Perhaps it’s just us, but we are struck with how surprised most clients are that the markets are very close to achieving full recovery of their all-time highs set in late-July. Maybe that’s because the media wasted no time in bringing focus to how adversely financial markets reacted to abrasive tweets (Trade + Fed) from the US President last month; or the reporting that the yield curve inverted – a somewhat technical concept that few mom & pop investors/savers understand beyond being told that it has a decent historical record of signaling economic recession. The overall mood can at best be described as sober.

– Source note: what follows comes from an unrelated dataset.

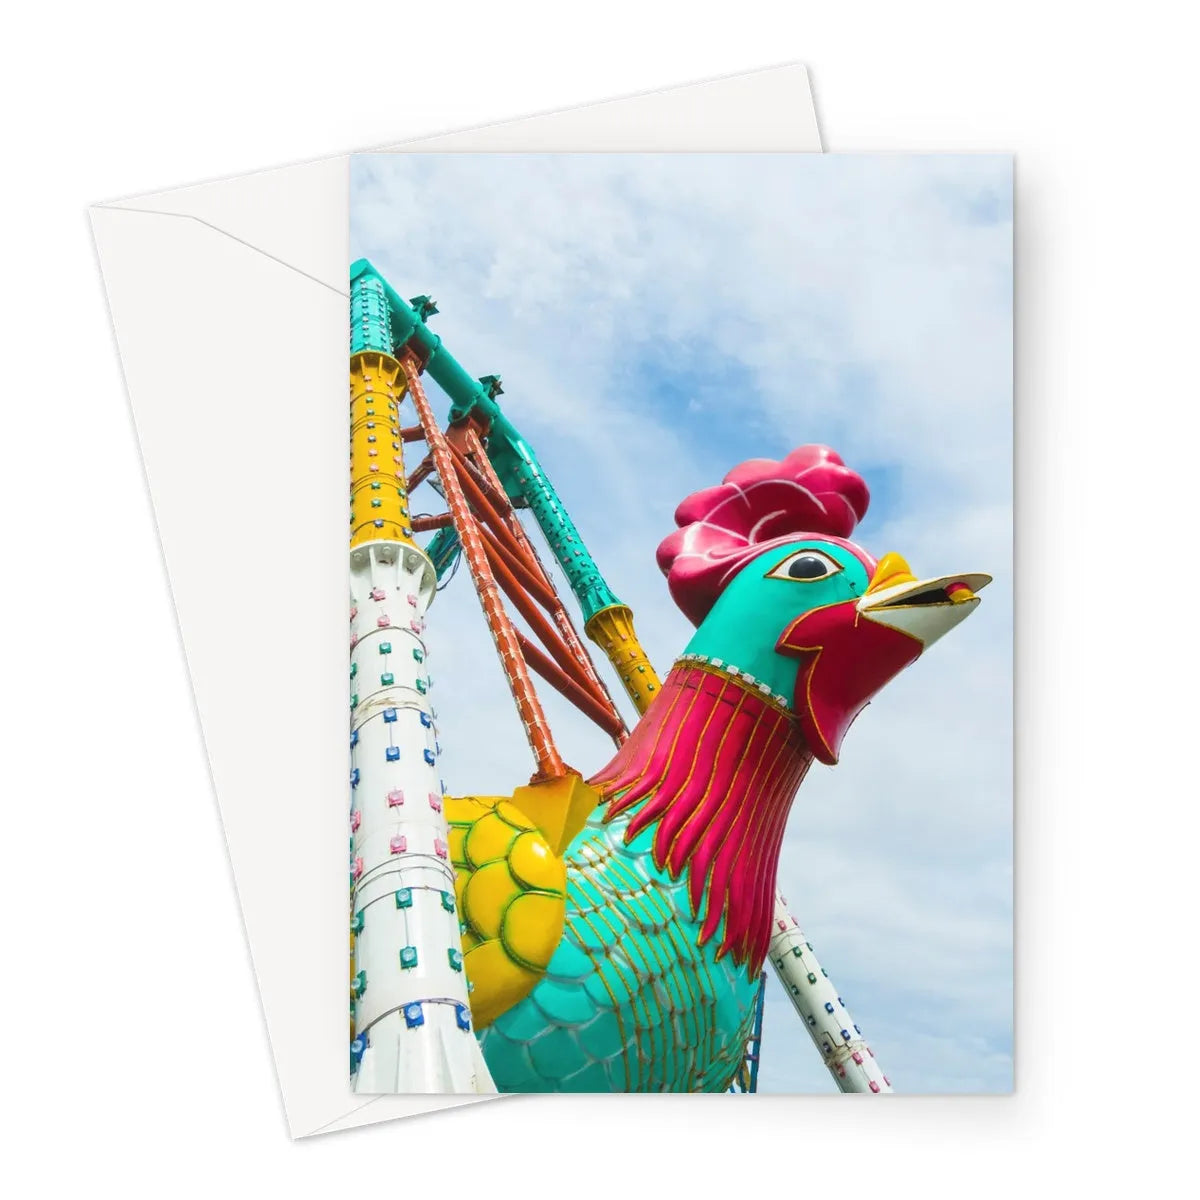 Rise And Shine Greeting Card - A5 Portrait / 1 Card - Greeting & Note Cards - Aesthetic Art

After adding +1% last week, the S&P500 is up +2.9% so far in September. More remarkable however is the areas leading the charge. For example, bank stocks are up +10% since late-August; momentum indicies (which put their biggest weights in the stocks with the best recent performance) dramatically under-performed. On those same lines, small-size company stocks shot higher, as did value over growth in the most recent week. At the same time, treasuries which saw their yields plummet (prices surge) when investors both domestic and foreign flocked to them as a safe-haven, experienced their sharpest sell-off in 3 years, and helped the yield curve flip positive from its worrisome position last month of inversion. What can we thank for this improvement? In the most simplistic of terms, it would seem that a more constructive narrative about US-China trade is once again at play.
Entering the 2nd half of September (and the final weeks of 3Q), we are mindful that the theme of US-China trade continues to exact tremendous uncertainty and volatility upon global financial markets. While talks between US/Chinese leaders are scheduled for early October, we like most are probably skeptical that a speedy agreement rolling back damage already inflicted can unfold quickly. At the same time, investors and business leaders just received another obstacle to overcome on their already tall wall of worry: disruption in Saudi Arabia and spike in oil prices over the weekend; this underscores just how tense the geopolitical backdrop is at large. When stacked with so many uncertainties, higher prices at the pump are harmful to what is appearing an increasingly choppy mood for the US consumer, not to mention the geopolitical uncertainty of war-like conflict. Oh! – the Federal Reserve meeting is also to occur this week and arguably the most important item for the health of the economy this week. Yet somehow that item seems far less significant when considering the market views it a virtual certainty another cut of -25bps will be the result. Compared to items appearing much more fluid, the Fed seems to be a footnote [albeit one that President Trump continues to shoot barbs at via his podium on Twitter].
No matter where you rank the importance of various items this week, there is much to be monitoring with respect to how each item may impact the durability of the recovery and path from here. As noted in our monthly commentary posted last week, the Geopolitical Landscape remains extremely fluid!